INFORMATION PROVIDED:
# # # # #

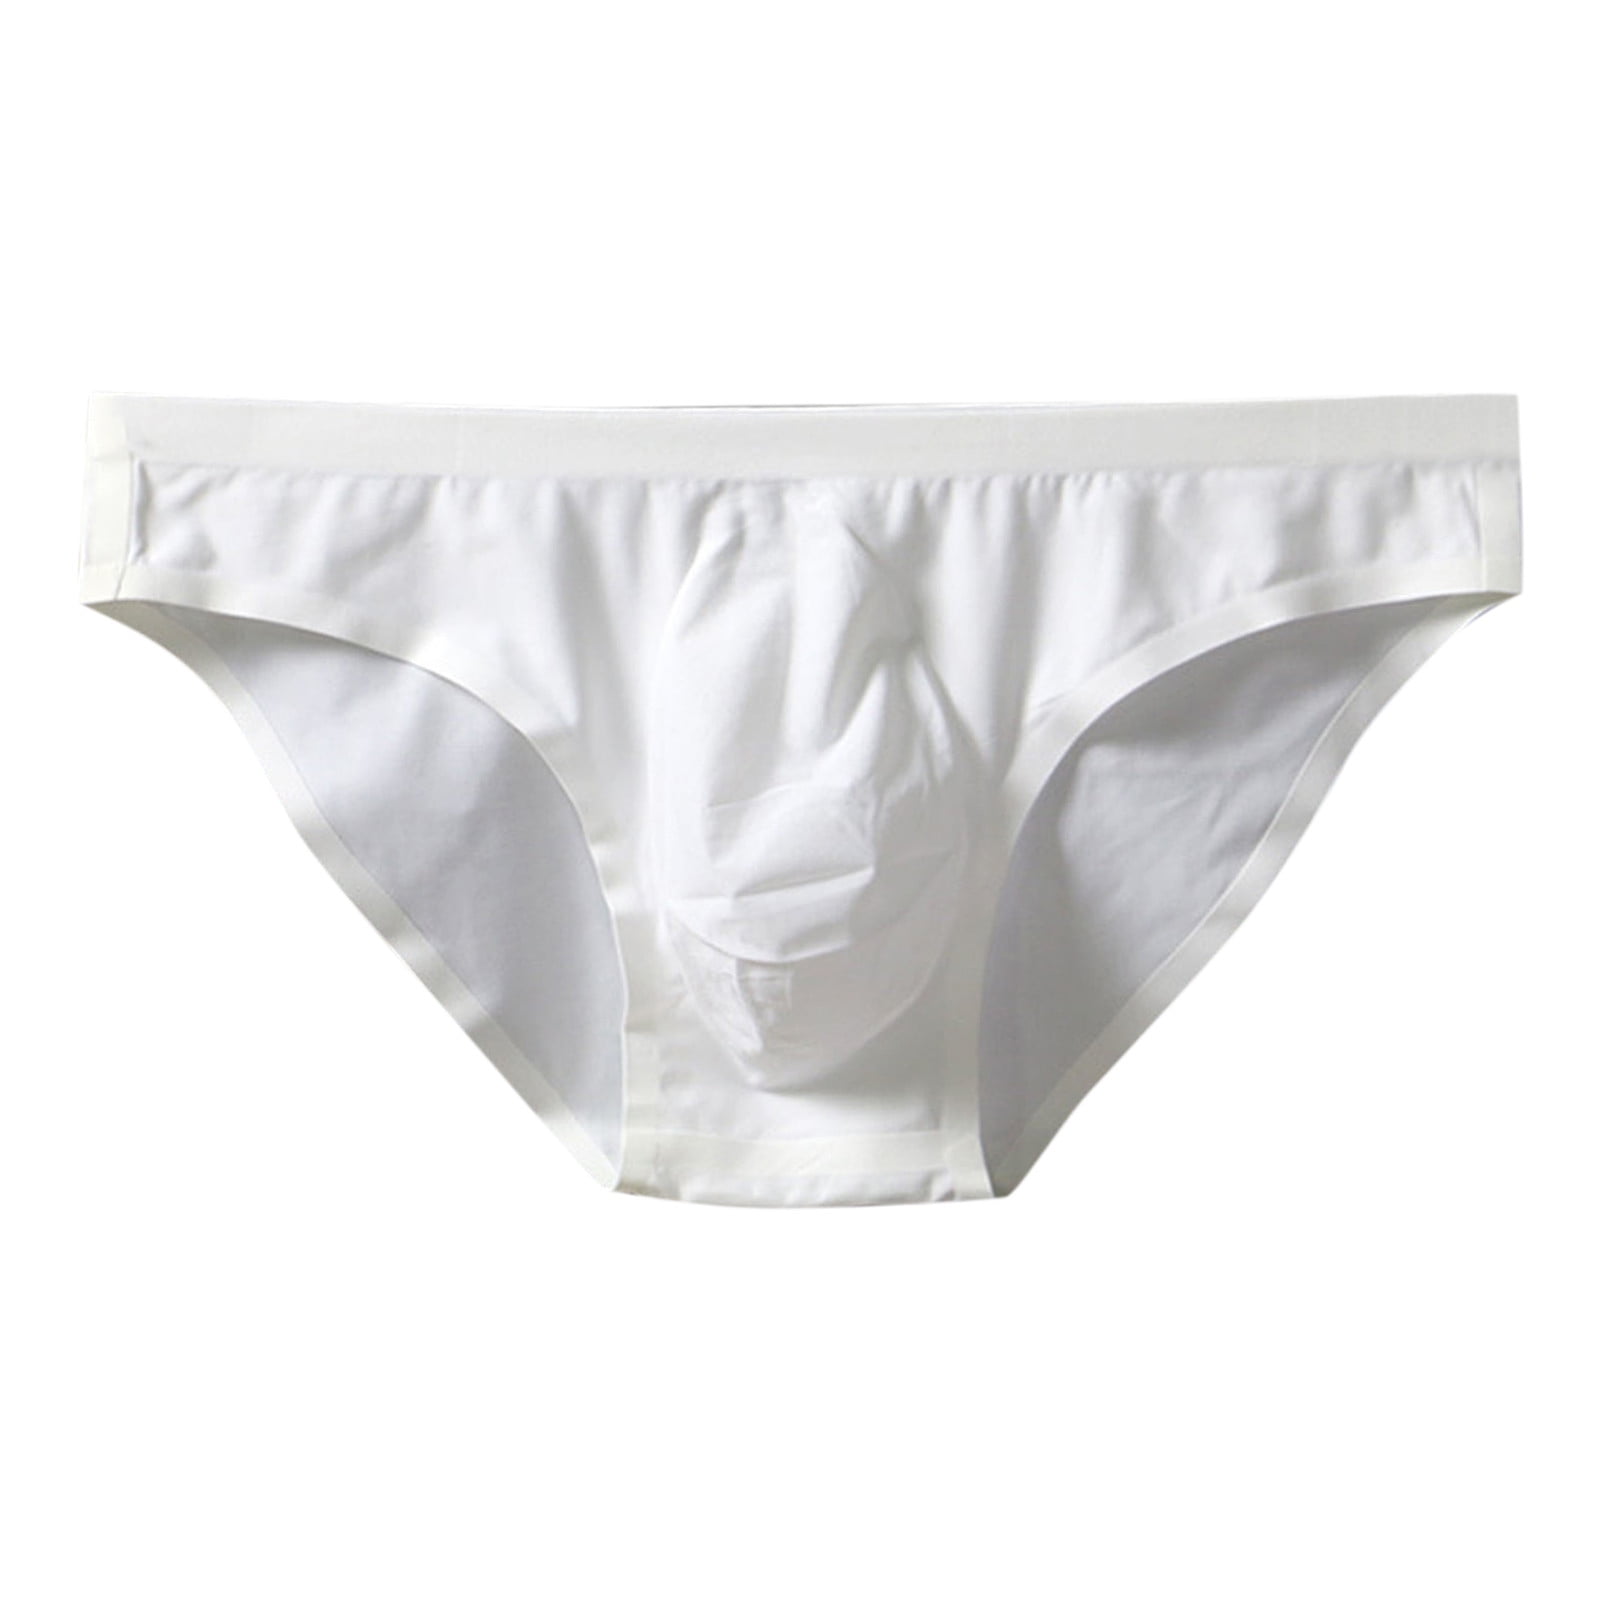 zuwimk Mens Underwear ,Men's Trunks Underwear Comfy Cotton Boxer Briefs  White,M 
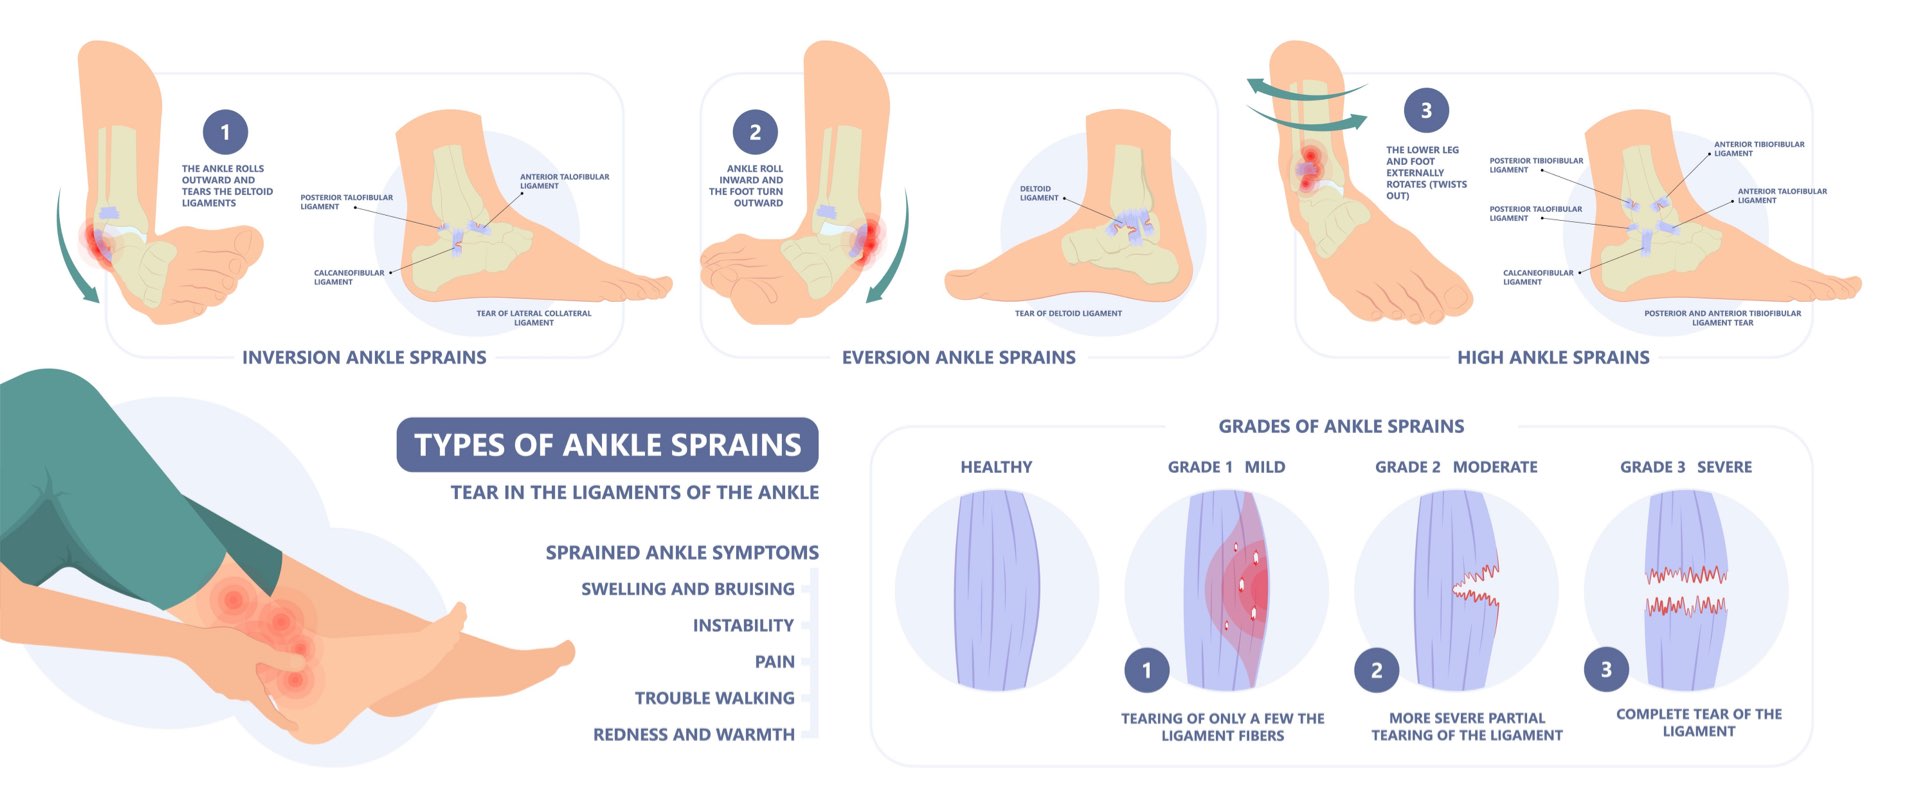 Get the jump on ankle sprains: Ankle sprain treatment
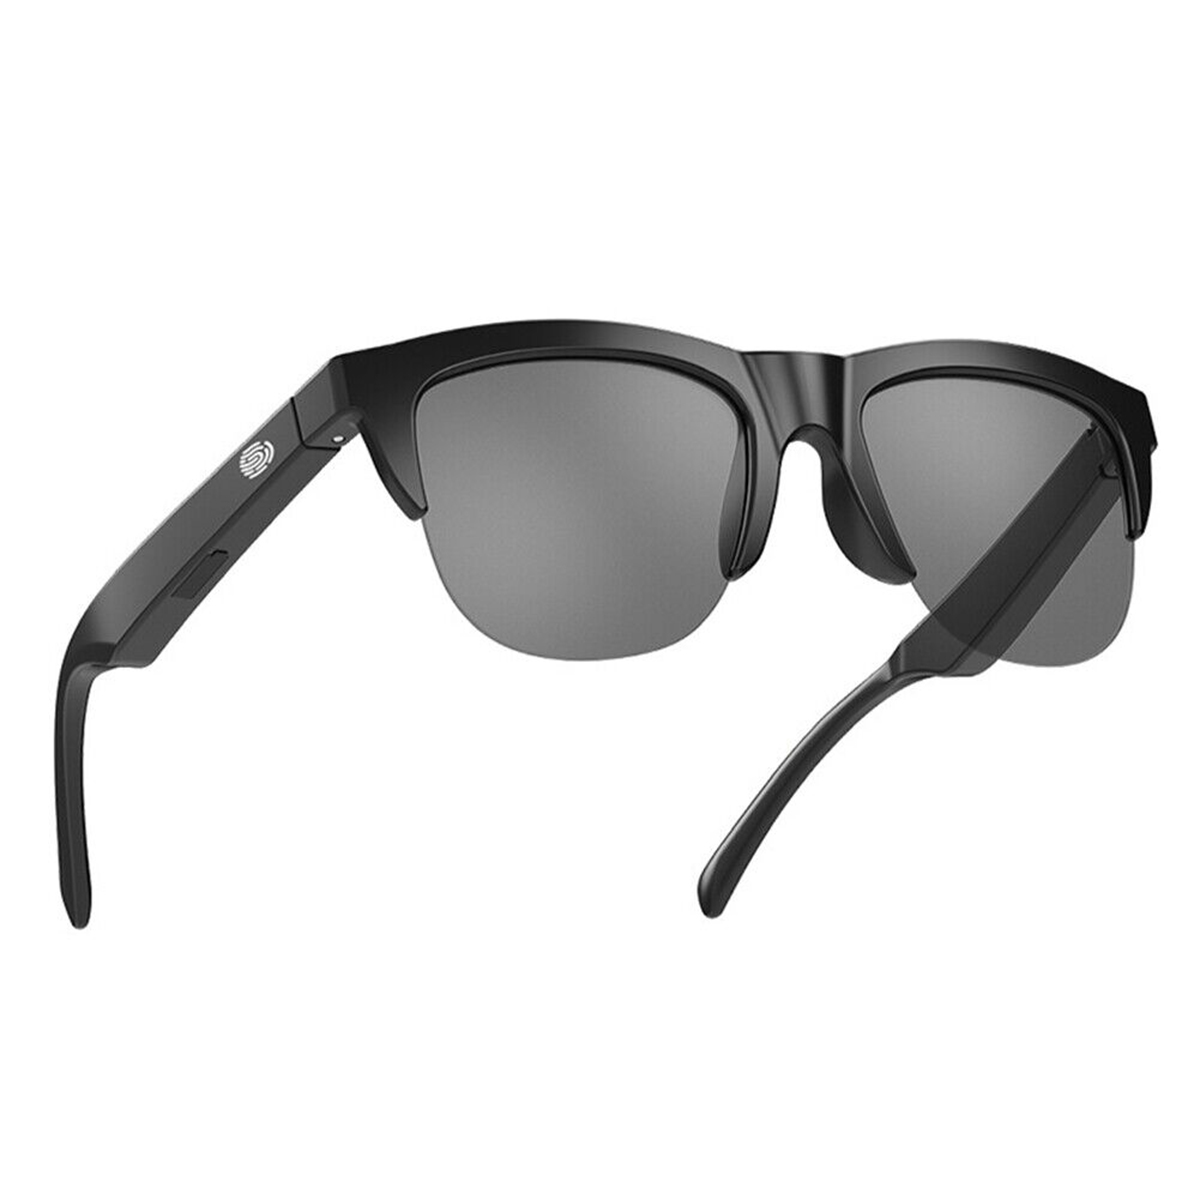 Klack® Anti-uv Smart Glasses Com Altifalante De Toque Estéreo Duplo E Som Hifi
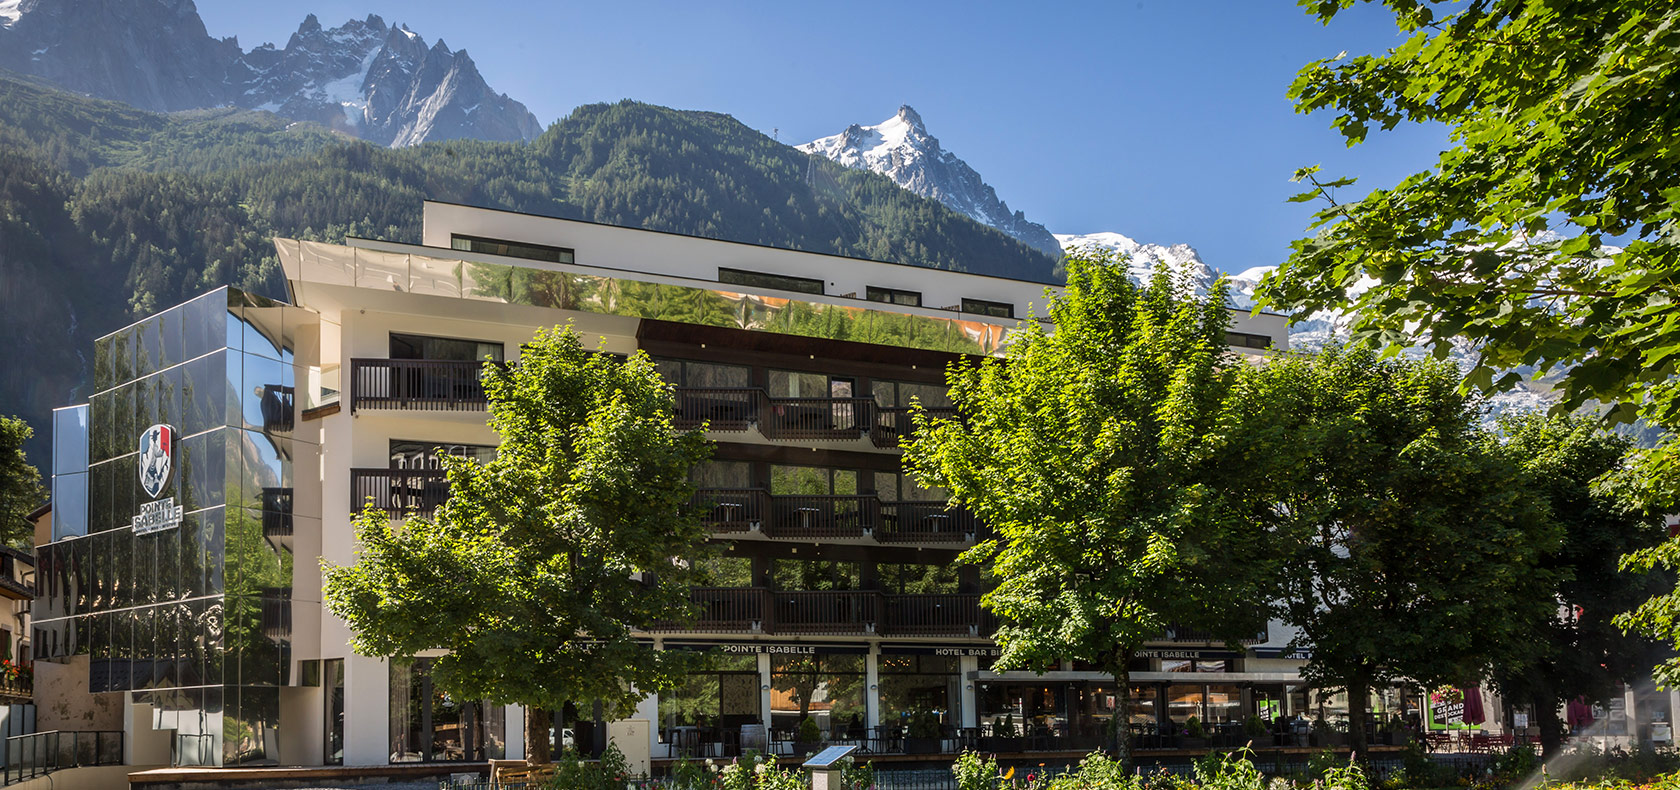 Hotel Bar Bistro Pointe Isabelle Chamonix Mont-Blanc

# # # # #

EXERCISE PROMPT: The answer should hold every line of the listing, copied exactly, with no pictures.

ANSWER SECTION:
 zuwimk Mens Underwear ,Men's Trunks Underwear Comfy Cotton Boxer Briefs  White,M 
 Get the jump on ankle sprains: Ankle sprain treatment
 Klack® Anti-uv Smart Glasses Com Altifalante De Toque Estéreo Duplo E Som Hifi
 Hotel Bar Bistro Pointe Isabelle Chamonix Mont-Blanc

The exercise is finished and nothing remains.